Francia fue el lugar donde se comenzaron a dar estas exhibiciones públicas, en particular en Arlés, donde en 1614 se presentó una colección pública de antigüedades romanas. Con el tiempo y la desaparición de dinastías y familias aristocráticas, más y más museos fueron abriendo sus puertas a todo el público y se fueron convirtiendo en elementos claves de las ciudades. En su texto, Fernández cuenta que “desde la segunda mitad del siglo XVIII algunas colecciones pasan a ser patrimonio nacional, constituyendo el inicio de la apertura de los grandes museos. Los más prematuros fueron el Museo Británico de Londres (1753), la Galería de Kassel, abierta al público por Guillermo IV en 1760, y el Louvre, en 1798”.

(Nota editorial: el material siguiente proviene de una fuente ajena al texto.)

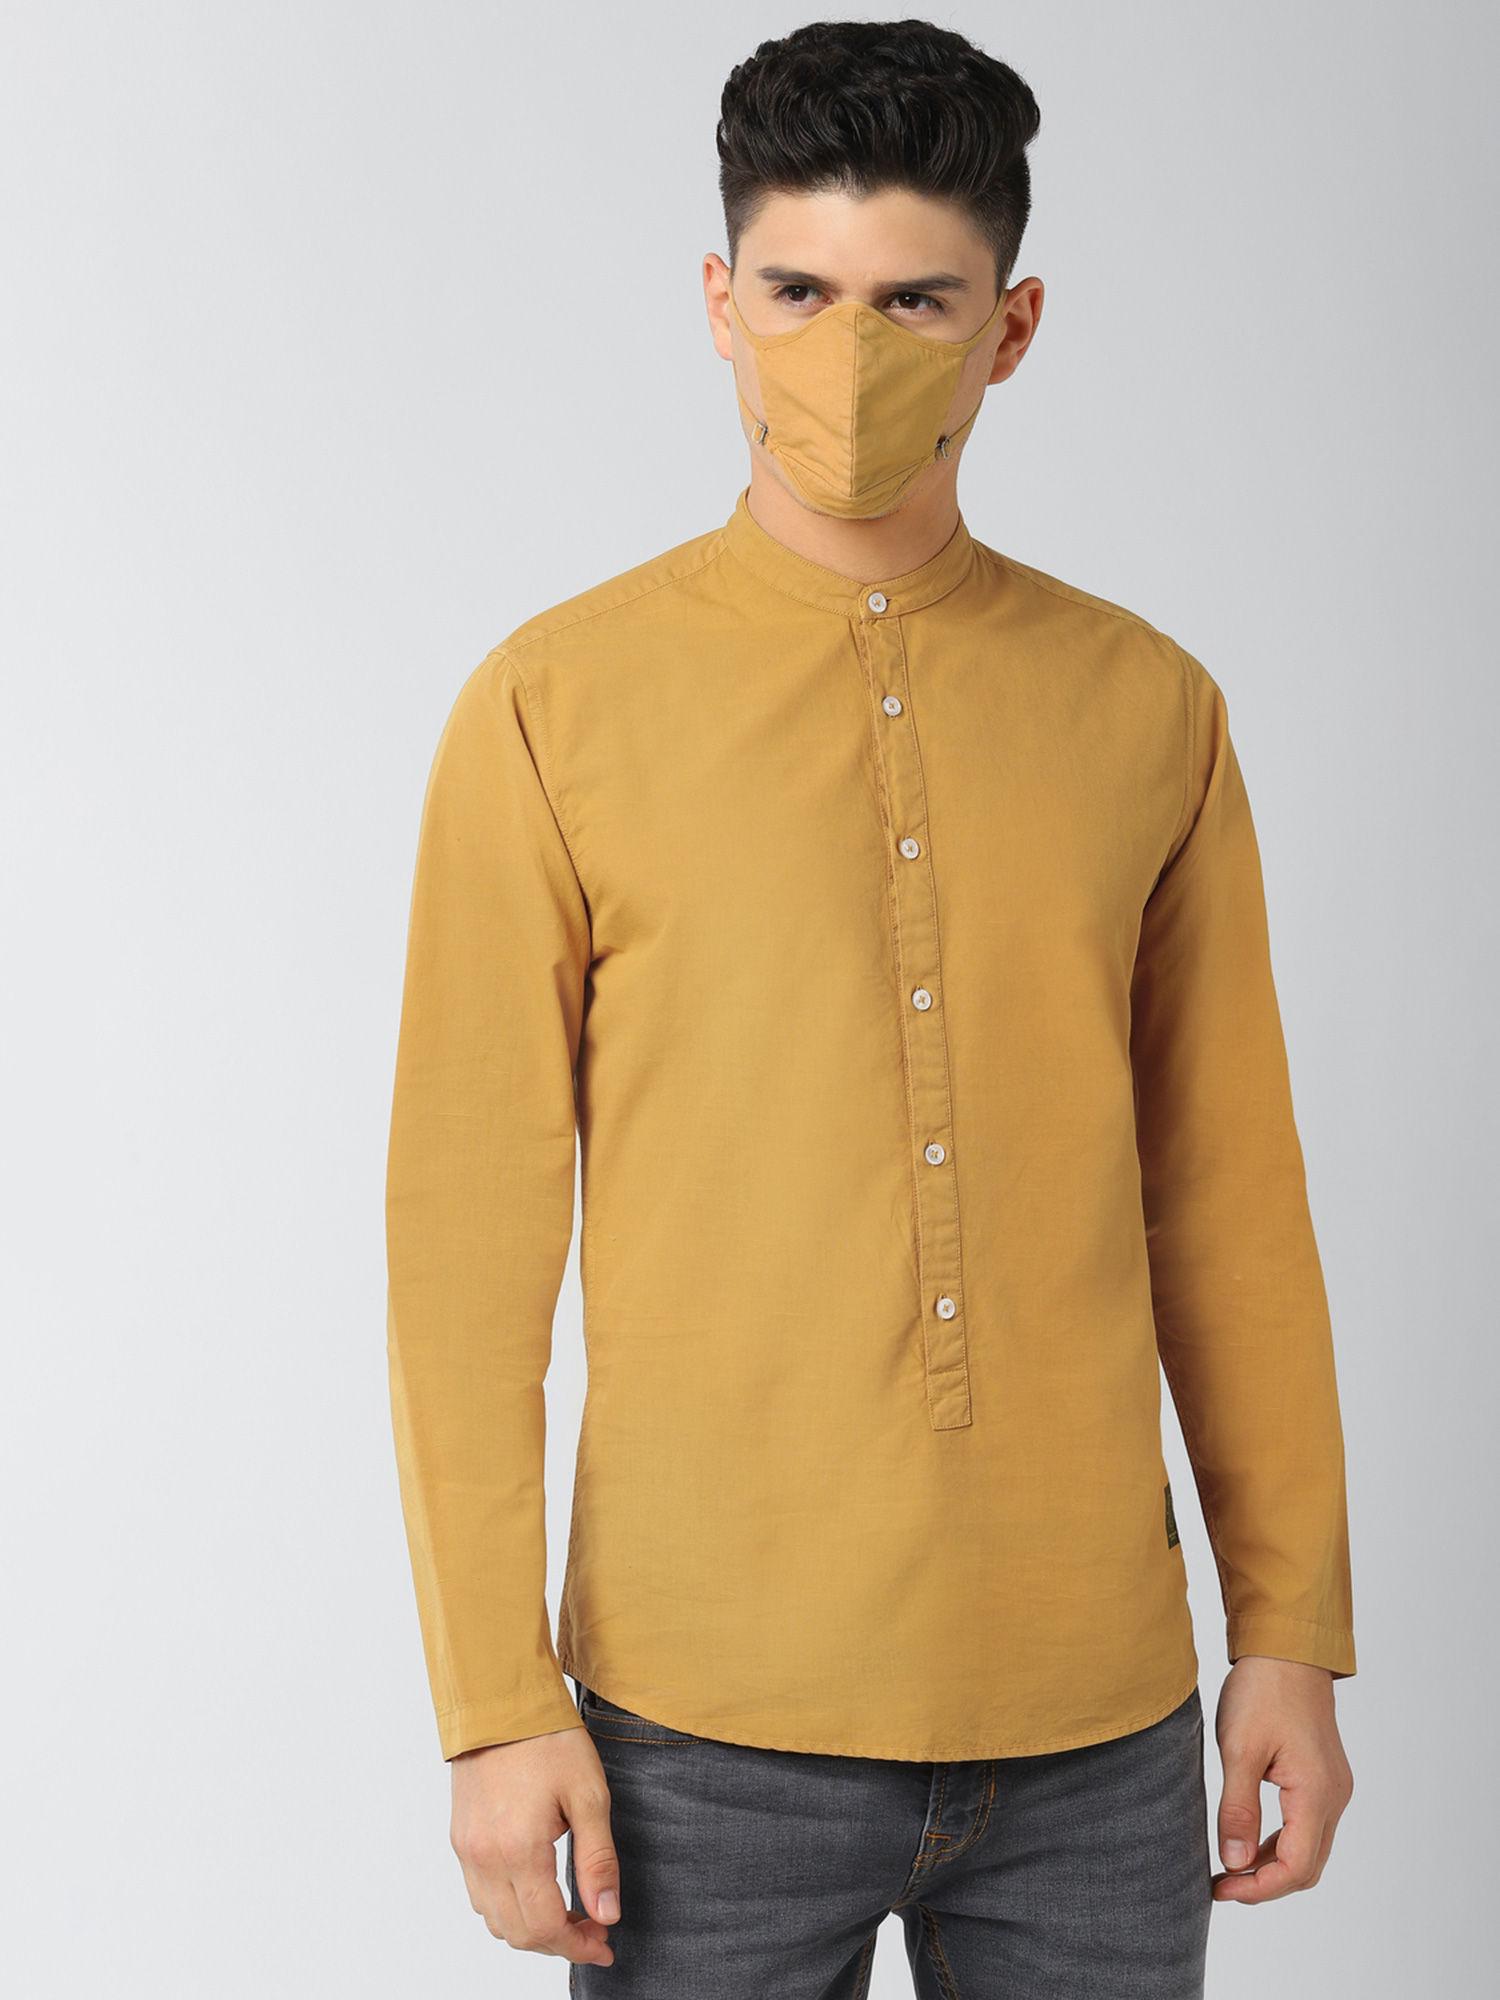 peter england yellow shirt and mask

Según el autor, esto responde a varias razones entre las que se encuentran: la socialización de bienes posterior a la Revolución francesa, en 1789; la venta de bienes eclesiásticos, el colonialismo y el estudio de nuevas culturas, y el Romanticismo como nostalgia por la antigüedad. A finales del siglo XVII y principios del XIX se comienzan a distinguir las tipologías de museo por el tema que tratan, como arte o ciencias naturales, entre otros, aunque algunos sitúan este cambio en el siglo XX, cuando se impulsa una forma más moderna de exhibición.
Para Fernández Arenas, “el museo es un edificio singular para conservar obras de arte, donde el objeto, las obras, son más importantes que el sujeto, los visitantes. Las obras se amontonan en salas, cubriendo espacios, superficies, estanterías y vitrinas, esperando una ordenación y clasificación, como las especies naturales. Se datan, se estudia la técnica, se ordenan por autores y escuelas. Las preocupaciones de conservación se manifiestan en restauraciones y su presentación dentro del museo, estudiando la iluminación adecuada. Son las preocupaciones del siglo XIX y principios del XX, tal como se deduce de los boletines, revistas y catálogos de la época. El órgano más característico de este primer largo momento de la ciencia de los museos es la revista Museion, publicada desde 1927. Es un período amplio, dominado por la museografía y el inicio de la historia del arte”.
Sin embargo, esta no es una historia sin detractores. Durante el siglo XIX especialmente críticos de arte se opusieron a su existencia porque los veían como “prisiones del arte y cementerios de la belleza”. Pero con los avances que trajo el siglo XX, estos dejaron de ser solo lugares para admirar y se convirtieron en ejes centrales de la cultura, donde se investiga y se crea.